The Artistic Performance of Cutting

That year, this desire became a concrete action. Schubert produced eleven large canvases. She painted each one a blue monochrome prior to picking up a surgical blade and executing numerous intentional, accurate incisions. Subsequently, she turned back the cut material to show the backside, producing pieces recorded with clinical accuracy. She dated each one to underscore that they were actions. In a photographic series from that year, titled Self-Portrait Through a Sliced Painting, she pushed her face, hair, and fingers through the perforations, turning her own body into artistic material.

“Absolutely, my work possesses a dissective quality … dissection akin to a life study,” the artist replied when asked about their meaning. For a close friend and scholar, this statement was illuminating – a clue from an artist who rarely explained herself.

Two Lives, Deeply Connected

Analysts frequently presented Schubert’s two lives as entirely separate: the experimental avant garde artist on one side, the technical draftsman funding her life in the other. “My opinion since then has been that those two personalities were deeply, deeply connected,” notes a close friend. “It's impossible to spend 35 years at the Anatomy Institute daily for hours on end and not be influenced by what you see there.”

Anatomical Echoes in Geometric Shapes

What makes a current exhibition particularly revelatory is how it maps these clinical themes through works that, at first glance, seem entirely abstract. During the middle of the 1980s, Schubert produced a series of geometric paintings – trapezoidal forms, as they were later termed. Contemporary critics categorized them under the trendy neo-geo label. But the truth was discovered only years later, when cataloguing Schubert’s estate.

“I inquired, how are these shapes created?” remembers a scholar. “She explained simply: they represent a human face.” The distinctive hues – known among associates as her personal red and blue – matched the precise colors employed to depict cervical arteries in medical texts within a reference book for surgeons utilized in medical faculties across Europe. “It became clear those hues emerged concurrently,” the account notes. The angular paintings were actually abstracted human forms – executed alongside her daily technical illustration work.

A Turn Towards the Organic

Towards the end of the seventies and start of the eighties, the artist's work shifted direction again. She began creating installations from branches bound with leather. She arranged collections of bone, petals, spices and ash on floors. Inquired regarding the change to ephemeral components, Schubert explained that art “was completely desiccated in the concept”. She was driven to cross lines – to engage with truly ephemeral substances as a response to art that had metaphorically withered.
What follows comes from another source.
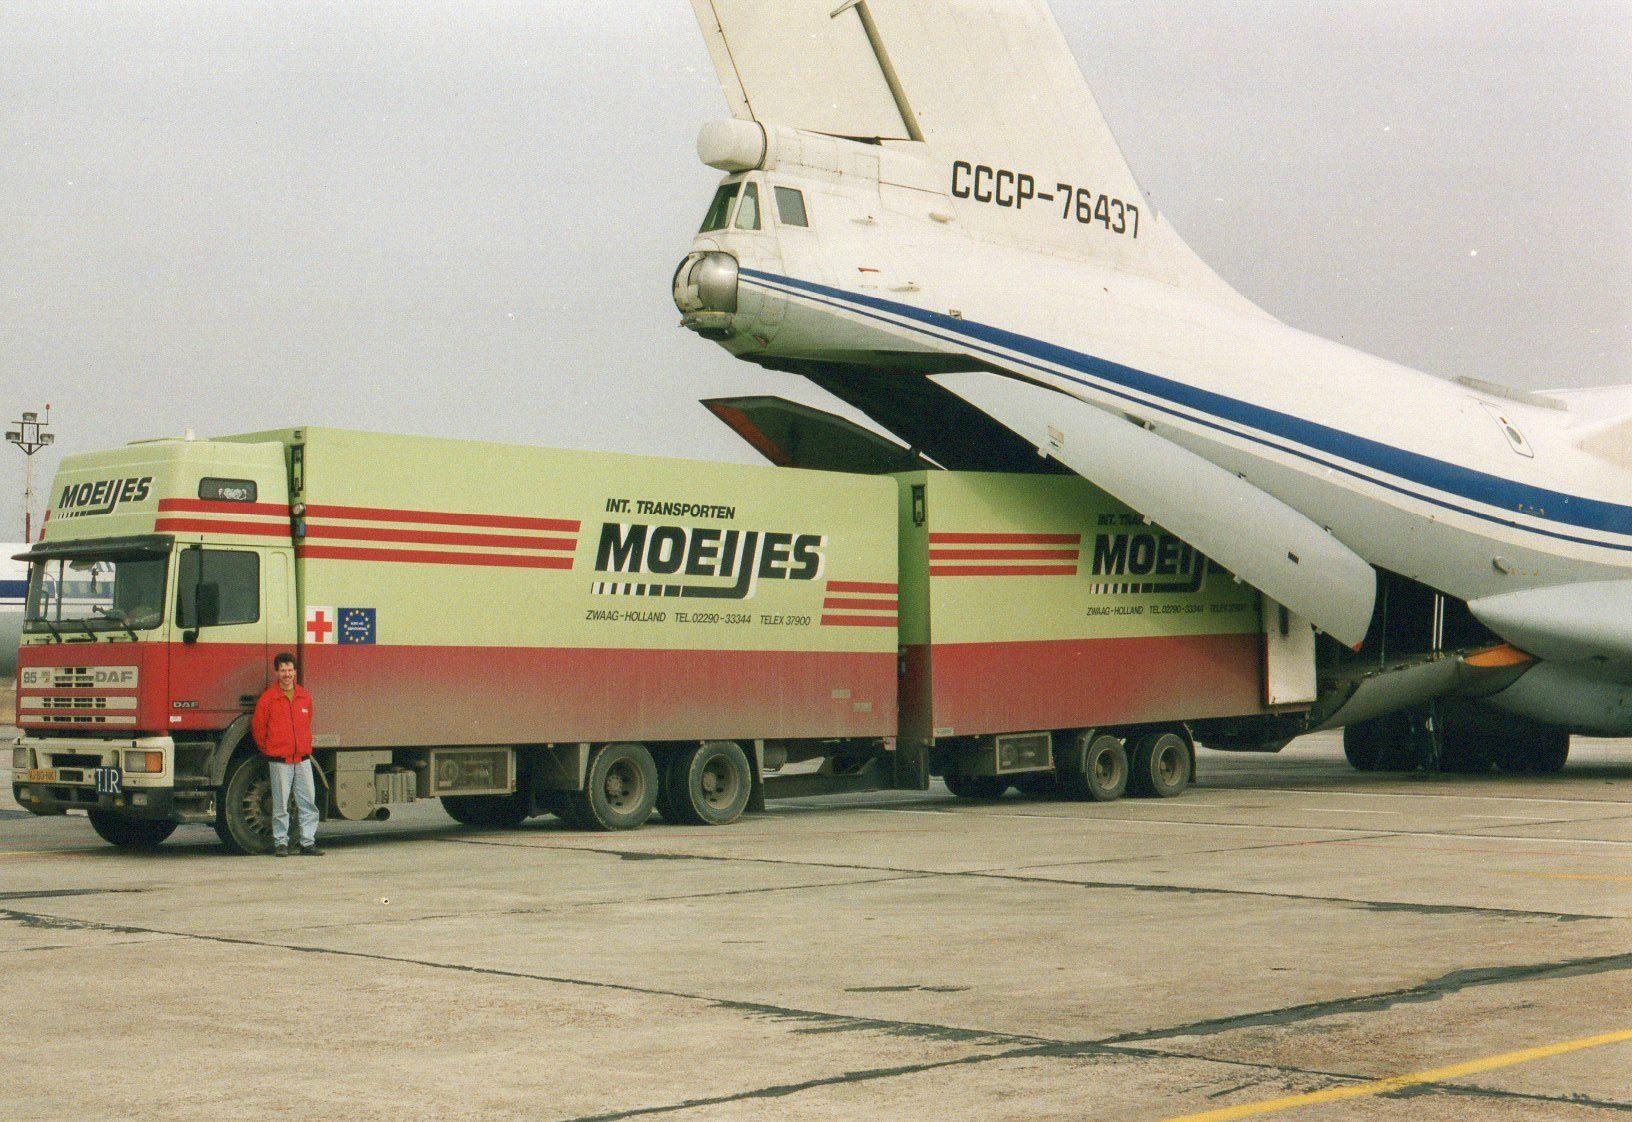 1993-Transporten-medicijnen-voor-het-Rode-Kruis-met-bestemming-Armenie.-Rijden-naar-Armenie-was-toen-te-gevaarlijk-in-Kiev-werd-het-overgeladen-4

An artwork dating to 1979, One Hundred Roses, involved her removing petals from a hundred blooms. She wove the stems into circles on the ground placing the foliage and petals within. When observed in a curatorial context, it still held its power – the leaves and petals now completely dried out though wonderfully undamaged. “You can still smell the roses,” one observer marvels. “The hue has endured.”

An Elusive Creative Force

“My aim is to remain enigmatic, to conceal my process,” she revealed in terminal-year interviews. Obscurity was her technique. She would sometimes exhibit fake works while hiding originals under her bed. She destroyed certain drawings, only retaining signed reproductions. Even with showings at prestigious exhibitions and being celebrated as a pioneering figure, she granted virtually no press access and her art was predominantly unrecognized abroad. A current museum exhibition is her first major solo show outside her homeland.
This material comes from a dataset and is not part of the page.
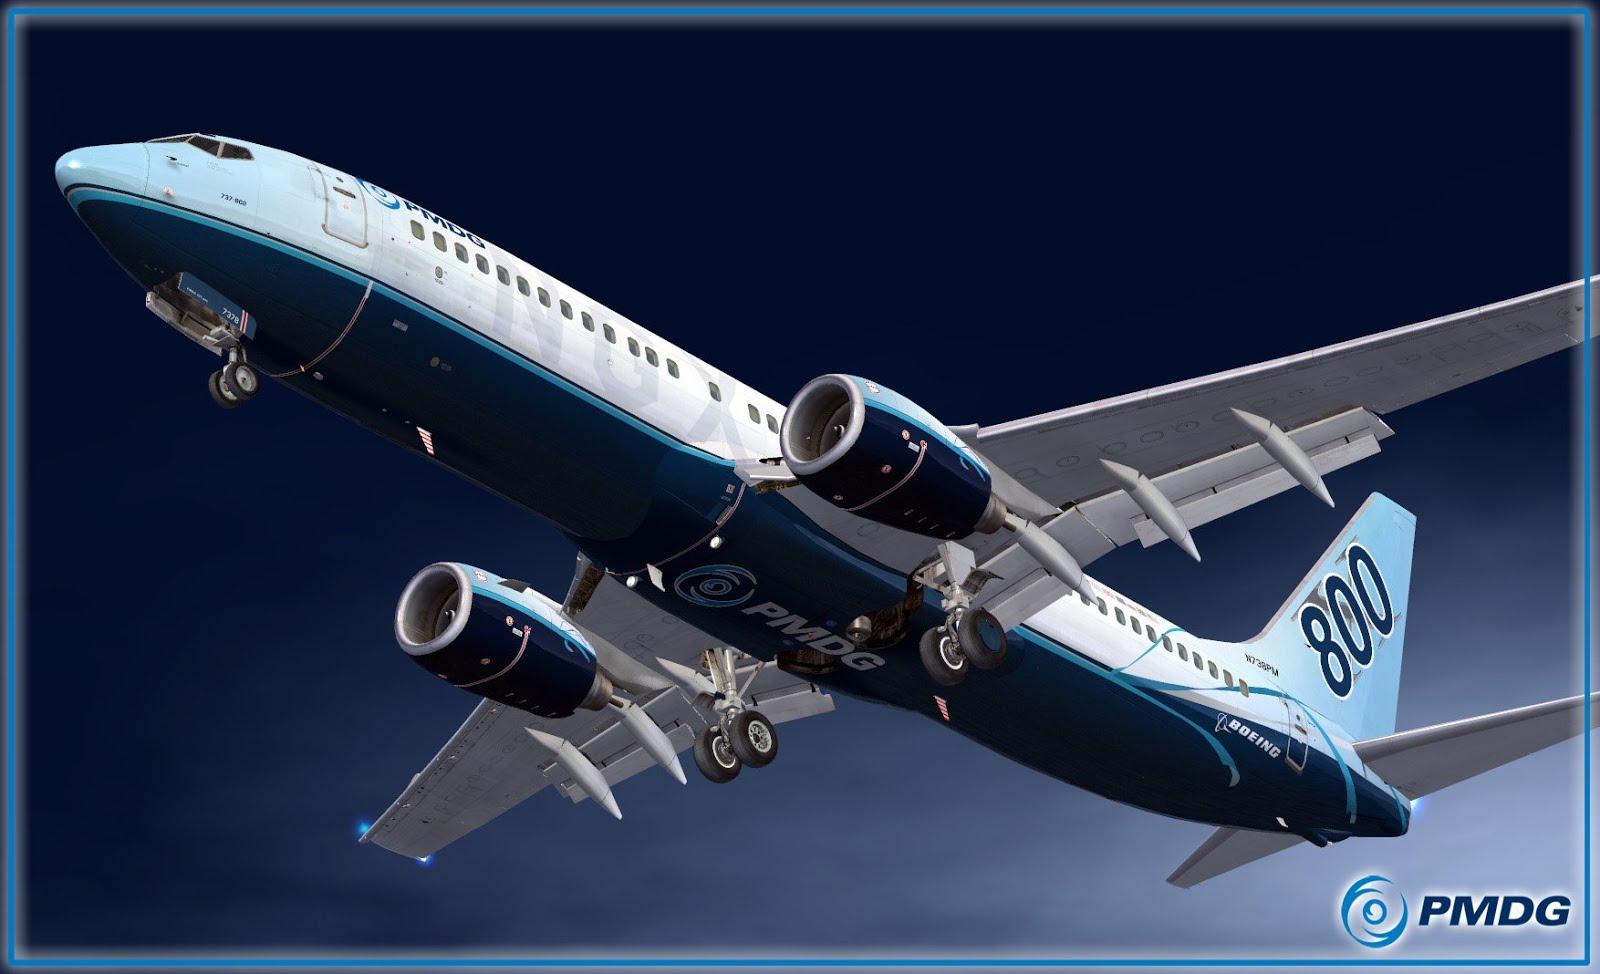 Prepar3d pmdg 737 crack | Transferring PMDG 737 NGX from FSX to

Responding to the Horrors of Conflict

Then came the 1990s, and the Yugoslav Wars. War came to her city. She reacted with a collection of assembled pieces. She adhered press images and headlines onto panels. She photocopied and enlarged them. Then she painted over everything in acrylic – rectangular forms reminiscent of scanning lines. {Geometric forms obscured the images beneath|Angular shapes hid the pictures below|

Juan Wilson
Juan Wilson

Lena is a passionate gamer and tech journalist with over a decade of experience covering the gaming industry and reviewing new releases.